Потом Огарев помогал папе таскать ведра, мама отжимала ветхие тряпки. Пустили в ход даже старые полотенца, которые мама не решалась выбросить и все хотела «подлатать». Папа, опуская на паркетный скрипучий пол очередное железное ведро, строго смотрел на сына. Огарев боялся признаться родителям, о чем думал перед сном и что ему снилось. Снился Огареву всемирный потоп, ковчег и все, что было связано с водой, в том же сне возникли пираты, моряки и морские волки, человек-амфибия из старой книжки, русалки и большой пароход, который переломился пополам, и каждая часть вертикально пошла ко дну.
Папа Огарева про все, конечно же, знал. Он сам чуть не спалил половину деревни, когда ему исполнилось десять. Только он всегда представлял себя кладоискателем: воображал пещеры, золото и горящие факелы, а его сын с детского сада мечтал о кругосветном плавании. Отец даже книжку ему подарил – про Христофора Колумба. «Неудивительно, что в первый раз вода… – бормотал отец, выплескивая во двор очередное ведро. – Неудивительно». Хотя дар сына и опоздал на полгода, отец Огарева терпеливо ждал, когда дар проявится. Он радовался потопу, как радуются рождению внуков, но скрывал свое восхищение за нахмуренными бровями – про дар Огареву-младшему еще нужно было рассказать.
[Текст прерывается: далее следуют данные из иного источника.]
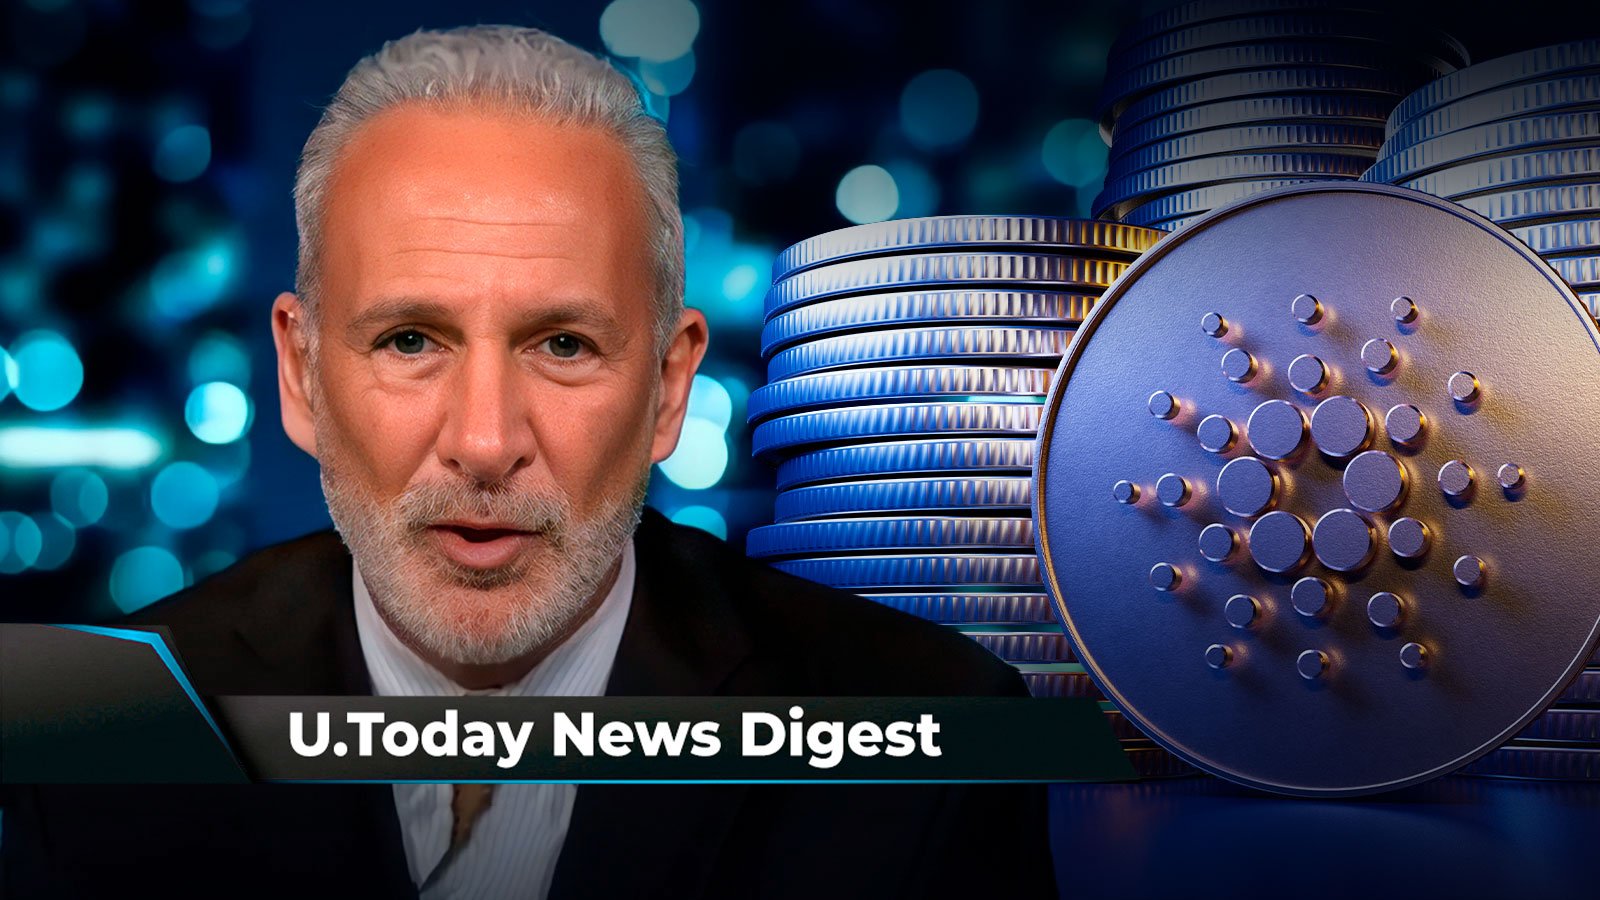 Cardano Hits Important Milestone in Vasil Testing, SHIB Listed by Yet Another Exchange, Peter Schiff Says BTC Will Drop Below $10,000: Crypto News Digest by U.Today

Потом научить им пользоваться. Темная материя, темнота, из-за связи с которой еще его мать продали в цирк, продолжала сопровождать их семью. То ли поглощала их, то ли оберегала. Он и сам жил с этим даром с десяти лет и до сих пор не понял до конца, как с ним обращаться.
Пока в Саратове собирались проводить скоростную трамвайную ветку, Паше Огареву исполнилось двенадцать. Он уже мог ассистировать отцу. Ветку так и не провели, а Паша кидал семь предметов с закрытыми глазами и, конечно же, ловил, а затем заставлял мячи, шляпы и булавы долго левитировать над манежем.
– Никогда не используй свой дар там, где достаточно твоих рук, – говорил Паше отец. И добавлял: – И за пределами цирка тоже не используй.
Паша не слушал. Сначала он тренировался на дворовых кошках. Доставал из мусорного ведра рыбьи головы и кости, приносил во двор. Кошки сбегались на запах из ближайших подвалов, а Паша зажмуривался – и кошки исчезали по одной, а потом снова появлялись. Одна как-то исчезла на земле, а появилась на дереве, и Паша, испугавшись, что его связь с темной материей недостаточно крепка, полез снимать кошку самостоятельно, без всякой магии.
– Засранец, вот засранец! – Отец посмеивался над Пашей и к вечеру отправил во двор свою темноту, чтобы та сняла с дерева и сына, и кошку.
– Ты так тоже научишься, и твоя тень будет ходить по манежу без тебя, – пообещал он Паше. – Это и есть часть черной ямы за спиной, понимаешь?
Паша не понимал. Он кивал и баловался, играл в свой дар, как в машинки, подаренные дядей Валерой на Новый год. Машинки давно поломались и валялись на антресолях среди старой посуды и протухших от сырости тряпок. Дар же казался Паше вечным: не ломается, не умирает. Твоя тень всегда с тобой.
Кошку с дерева взяли домой и назвали Тенью. Отец и сын еще долго прятали ее от противного соседа, который не любил животных, пока отец не пришел домой и не раскрыл свою несуразную сумку (все папы одноклассников Паши давно ходили с портфелями и сыпали вокруг словами «партия», «колхозы», «выполнить план»). Папа Огарева сыпать умел только булавами, шляпами и кольцами. А если предметы падали, он начинал сыпать матом. Но в тот день все было иначе: руки отца нырнули в сумку с привычной ловкостью, и на кухонный стол посыпались документы о вступлении в кооператив. В тот же вечер отец собрал всю семью за праздничным ужином.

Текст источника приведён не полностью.